Exploring Ebay Car Sales Data - Dataframe not sorting properly

So I’m on page 4 of the guided project.

I’m trying to remove high and low outliers from two columns in the dataframe.

To do this, I am plotting the series in a line chart so I can see where to slice the values.

This code works:

range_bool = autos["registration_year"].between(1980,2020)
final_distribution = autos[range_bool]
final_distribution["registration_year"].value_counts().sort_index().plot()

I get a nice sorted line chart. Hooray!

BUT…

This code does not work:

price_bool = autos["price"].between(1000,30000)
final_price_distribution = autos[price_bool]
final_price_distribution["price"].value_counts().sort_index().plot()

I get a line chart with lots of 0 values and only approximate sorting.

And this definitely doesn’t work:

price_bool = autos["price"].between(1000,30000)
final_price_distribution = autos[price_bool]
final_price_distribution["price"].sort_values().plot(kind='line')

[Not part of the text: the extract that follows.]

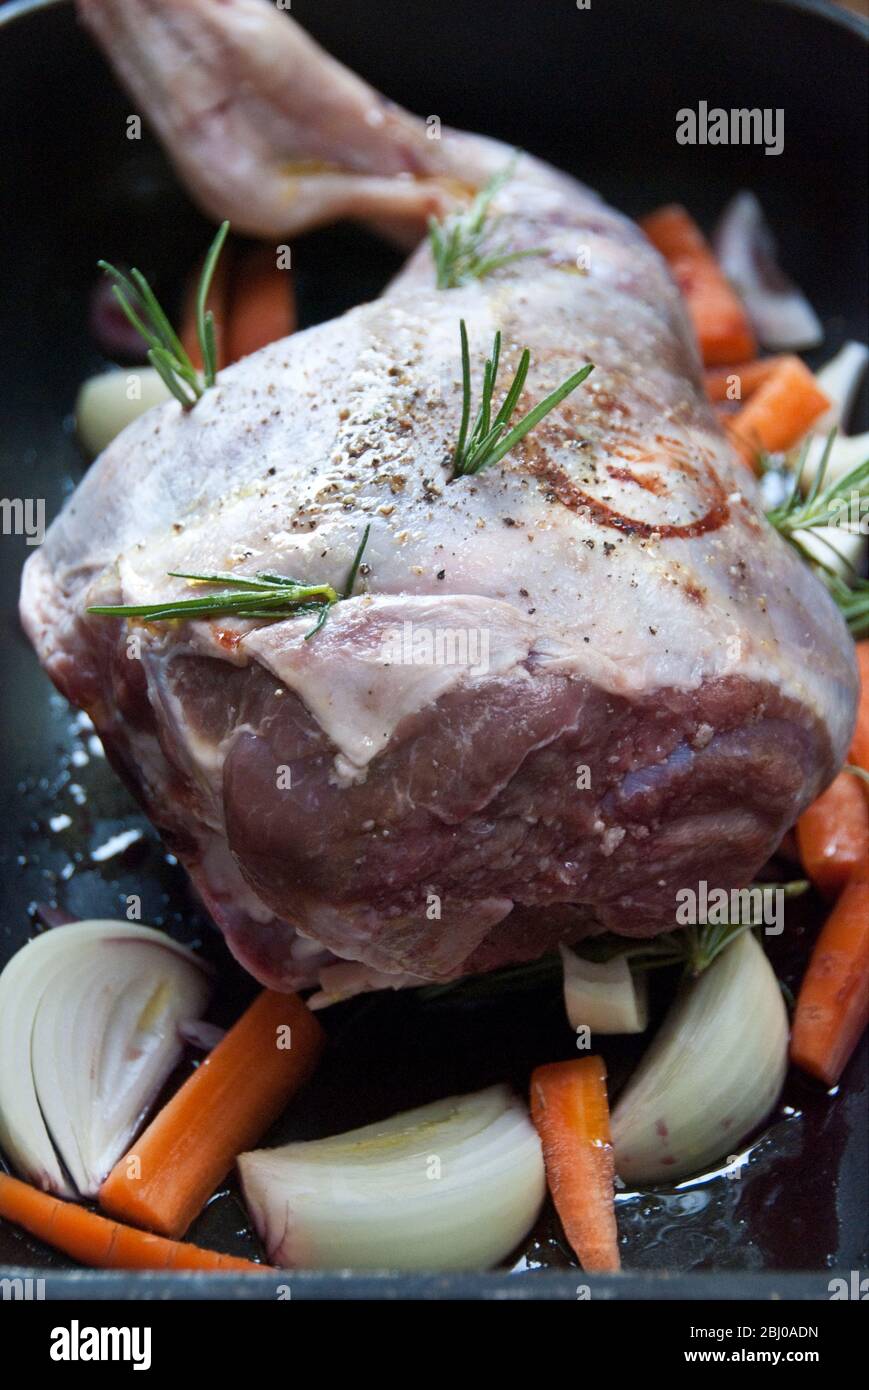 Coscia di agnello pronta per essere messa in forno con cipolle, rosmarino, carote, pepe nero, sale grosso, olio d'oliva e un pizzico di vino rosso. - Foto Stock

The difference is obviously that the “registration_year” data has a much smaller range of values than the “price” series. But I would still expect the sort to work properly.

Many thanks - all help appreciated!

James

This is a bit difficult to answer without looking at the charts and the rest of your code and without more details.

Because when I try to modify your code a bit so that I can run it in my project for the second piece of code you share, I get the following chart -

image

And I am not entirely sure whether it’s correct or not, and/or what you expect it to be. This could very well be because I haven’t worked on the project in a long time to be sure either of what’s expected in this case.

It would help if you added more details clarifiying your questions.

Thank you!

I got the same result.

The issue is more that this is clearly 1. not a line chart, 2. not sorted.

The dataset is a series of integers between x and y where x > 0.

I would expect the series to match some kind of normal curve distribution.

Even if there is no curve, it should be a smooth line with a consistent gradient, not a jagged unsorted bar.

image

A similar series from the same dataset looks like this. Albeit, there is less variation in the value_counts().
image

But the important thing is, it’s a line chart and it’s sorted.

I’m missing something obvious, I know, but it’s eluding me.